To illustrate how an extended analysis could forecast potential air quality impacts for the valley’s rural communities, the right-hand panel in Figure 4 presents preliminary estimates of where land fallowing could occur. These preliminary fallowing estimates are an extension of the work performed by Hanak et al. (2019) and reflect a SGMA implementation scenario with few additional valley water supplies and no trading across district boundaries (Escriva-Bou et al. forthcoming). Broadly speaking, the areas with the highest rate of expected fallowing show little overlap with high dust risk areas; while the more northern set of high dust risk communities show very little to any expected fallowing, those in Kings subbasin are typically expected to see up to 20 percent fallowing nearby. Areas that might see the most extensive fallowing (60–80%) are not co-located with erodible soils, although there are five communities with high dust risk that may see 40 percent to 60 percent fallowing, mainly in the southern valley. This example—while preliminary—shows how scenario modeling could help to inform targeted efforts to control dust in high-risk communities; future work, as part of our broader research project, will shed light on how water trading could shift this distribution of air quality risks (Escriva-Bou et al. forthcoming).

Maintaining Cover and Targeting Smart Investment

This report lays out the nature of the threat that large-scale land transitions may pose for air quality: upcoming decisions about how to manage the landscape will determine the extent of exposed and disturbed soils that could emerge as new dust sources. The valley’s increasingly arid environment presents an additional risk factor that can exacerbate dust issues by drying out the soil and making it more prone to wind erosion. Local and regional actors, alongside state and federal agencies, will need to identify and support solutions that can be effective today and under new, more arid conditions.
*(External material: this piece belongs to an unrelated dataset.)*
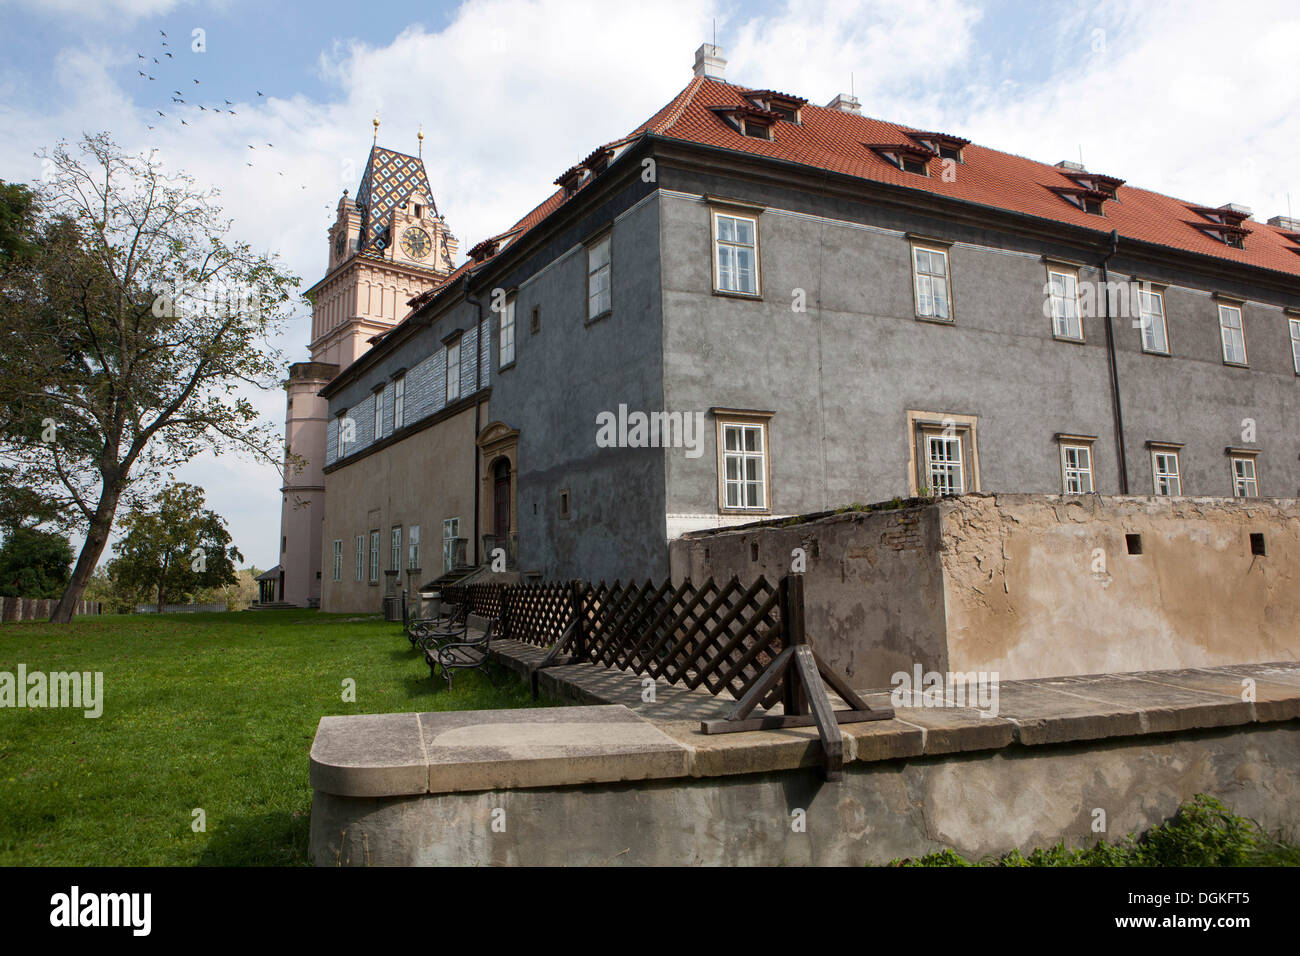 Castle in Brandys nad Labem Czech Republic Stock Photo

Mitigating Dust by Disrupting Wind

Where lands come out of regularly irrigated agricultural production, there are many options for addressing dust. At its core, though, this requires physically disrupting the wind processes that suspend particles (in the case of fugitive dust) and minimizing human disturbance of the land surface (especially where any sort of agricultural activity continues). Appendix B lays out a number of well-known on-farm interventions for tackling fugitive dust sources, along with cost estimates for their implementation. In some cases, applying artificial ground covers (such as mulch) or other activities such as surface roughening (accomplished using specific tilling techniques) may be appropriate. But the simplest and often most cost-effective interventions involve simply maintaining vegetative ground cover.

Yet maintaining vegetative cover while eliminating water use on these lands is a challenge. Transition of these lands is originally motivated by a lack of reliable water access, and increasing heat in the valley will further complicate growing conditions even for the hardiest of plants (see Footnote 5 for more on temperature changes). In addition, lessons from Antelope Valley and elsewhere suggest that establishing native plant species can be difficult on formerly farmed lands with excess soil nutrients, especially in early years.
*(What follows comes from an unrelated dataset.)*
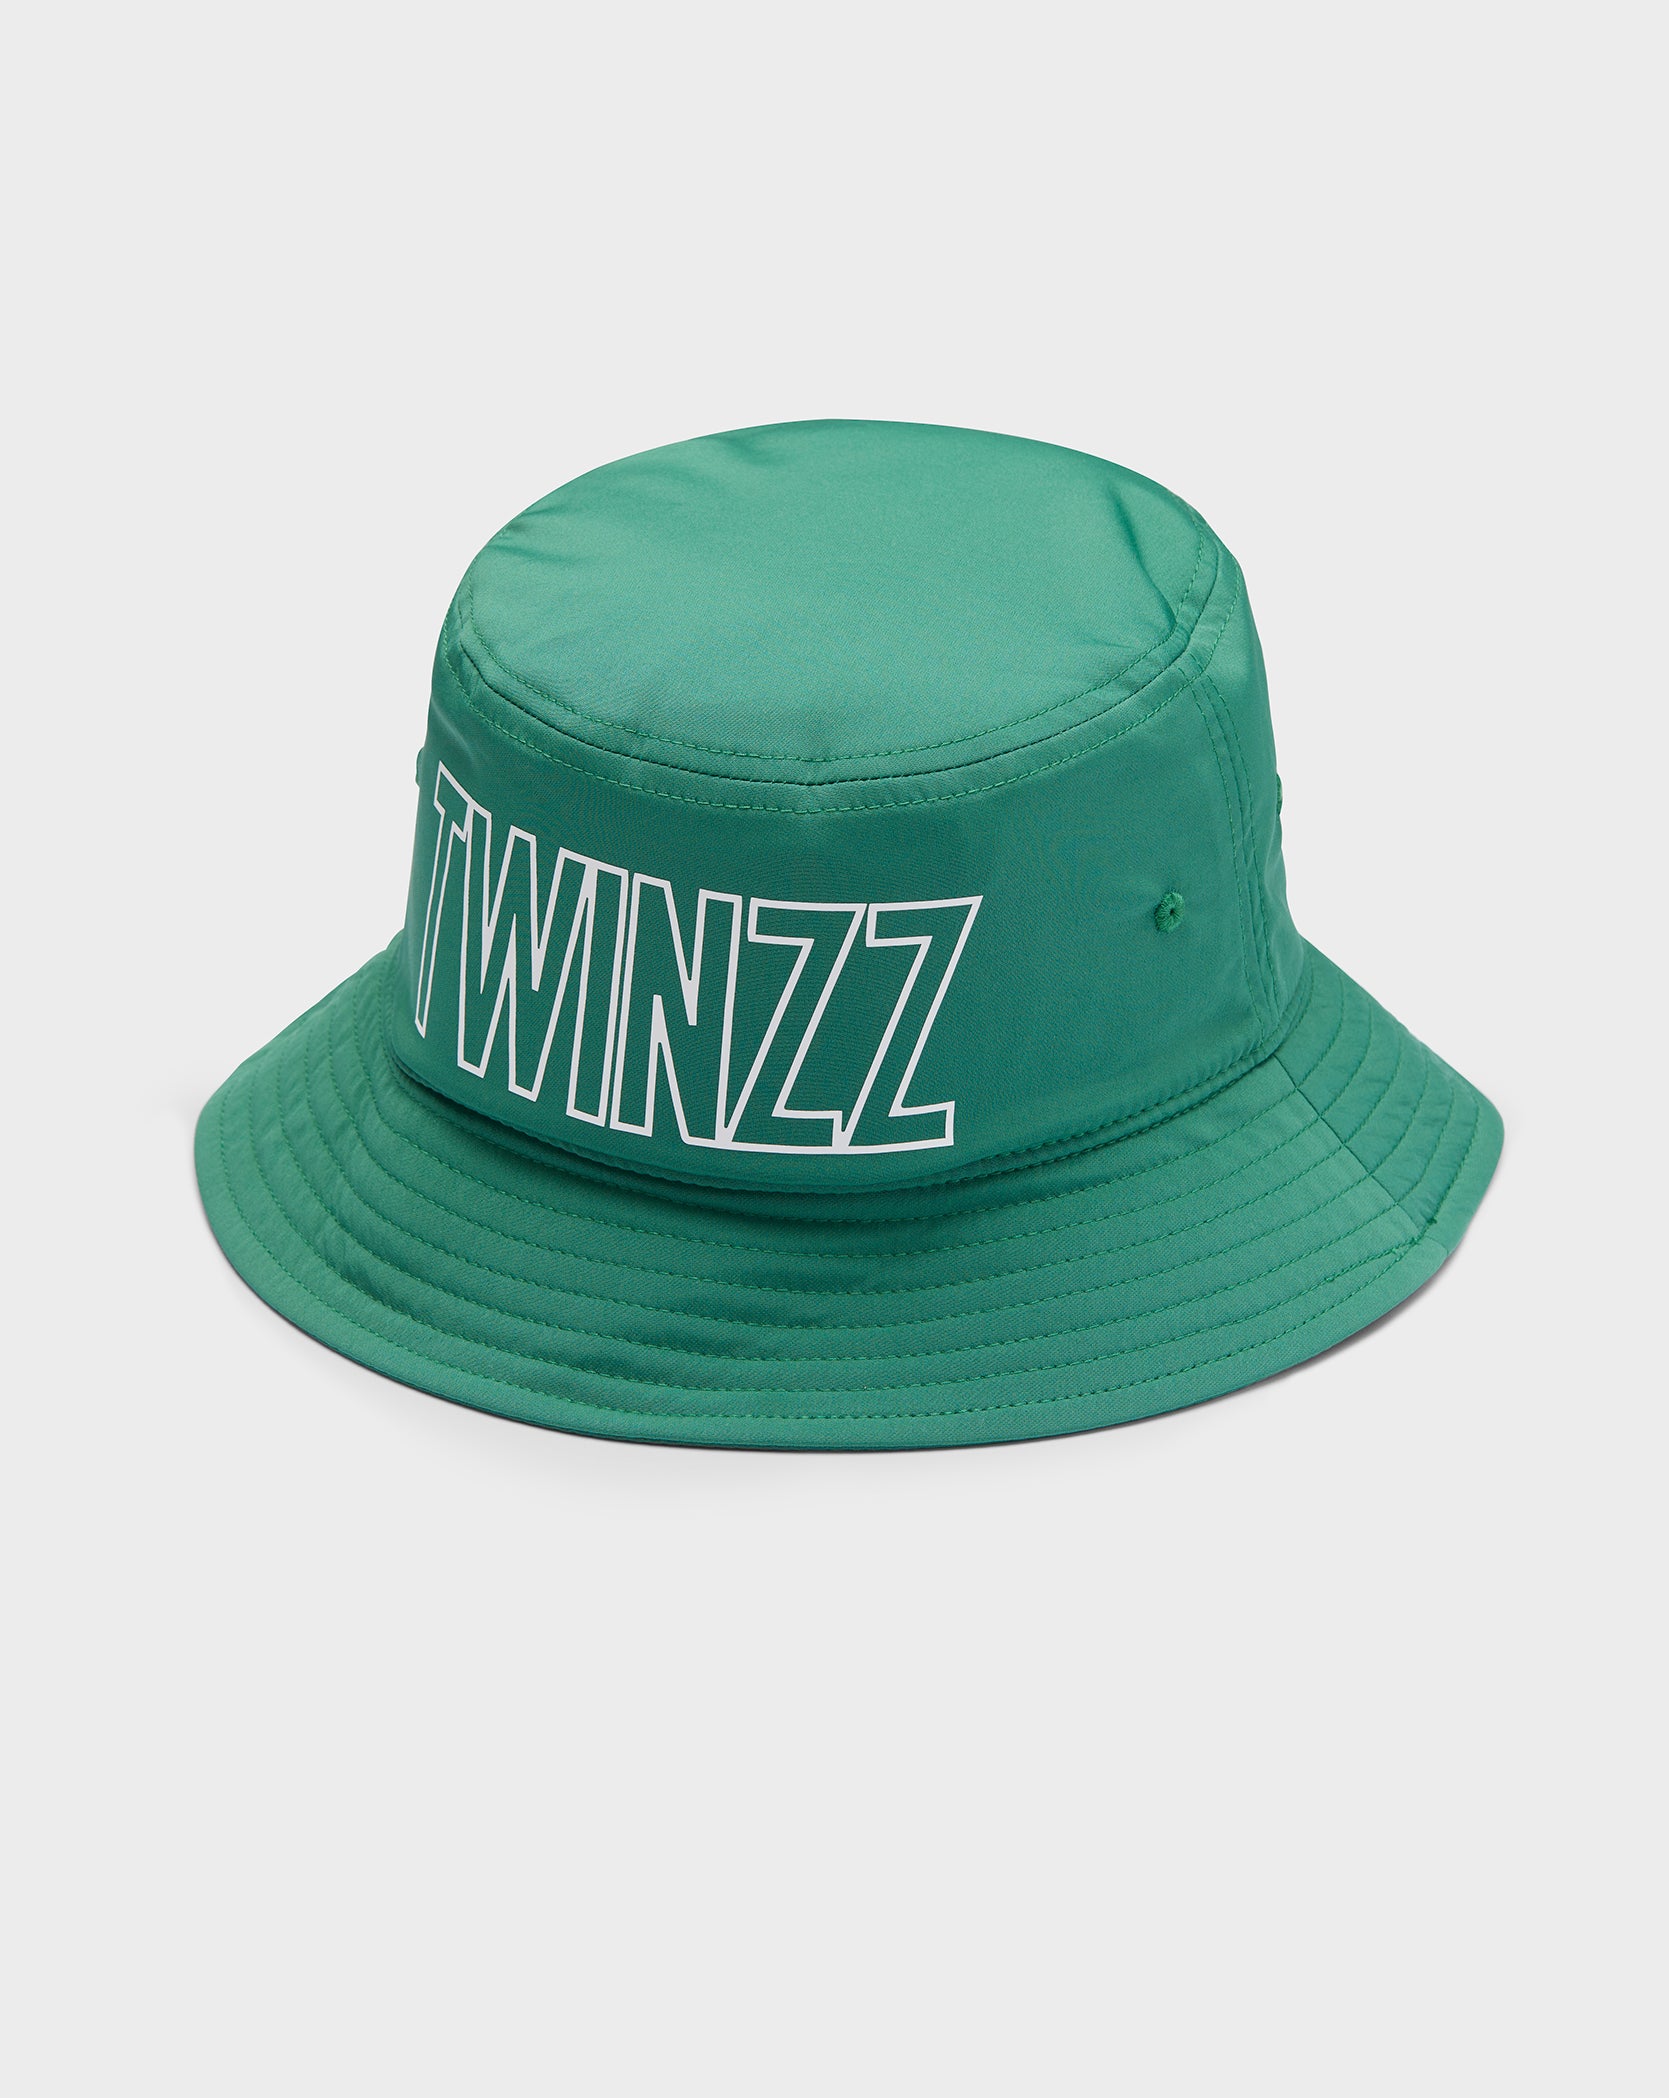 TWINZZ BUCKET HAT - GREEN

The role of native groundwater allocations—allocation to landowners of the “native safe yield” of the groundwater basin, derived from precipitation and other natural aquifer inflows—may determine when and how vegetative management strategies are feasible. As outlined in PPIC’s companion report on water-limited agriculture (Peterson et al. 2022), application of even 4 inches of supplemental irrigation water can make the difference between failing to produce vegetative cover at all and a more-or-less reliable establishment of vegetation that could significantly reduce dust mobilization.

An additional difficulty involves managing weeds to reduce negative impacts on neighboring farms that may remain in production while avoiding excessive soil disturbance. A common weed management technique—disking or tilling of the soil—disturbs the soil surface and promotes conditions for fugitive dust generation. Lessons learned in eastern Washington about conservation tillage practices to reduce dust using specialized equipment may be transferrable in this case. Alternatively, targeted grazing efforts can be useful to help tamp down weed risks under certain conditions; indeed, the economic viability of many dryland or water-limited systems relies on grazing value. Nonetheless, similar to disking, grazing can disturb more fragile soils so much that significant issues with windblown dust arise. Where grazing becomes a component of viable, sustainable dryland management systems, deliberate and coordinated grazing plans will be necessary to avoid unreasonable local air quality impacts.

Some irrigated agricultural lands will convert to new uses that involve some artificial ground cover, such as solar energy fields or new peri-urban developments (Ayres et al. 2021a). In these cases, construction periods may see elevated dust generation. After construction, dust risks may be lower than the original agricultural practices or other non-irrigated alternatives, provided sufficient effort is undertaken to stabilize disturbed soils. Especially for solar development, this will depend on how land between solar panels is managed, including whether grazing is introduced between and underneath panels to manage vegetation. New solar developments are required to draft dedicated dust management plans, and the industry has learned important lessons about what vegetation types are most successful in valley solar developments. We take up solar development topics more broadly in a forthcoming report; for preliminary insights, see Ayres and Seymour (2022) and Rosser and De Leon (2022).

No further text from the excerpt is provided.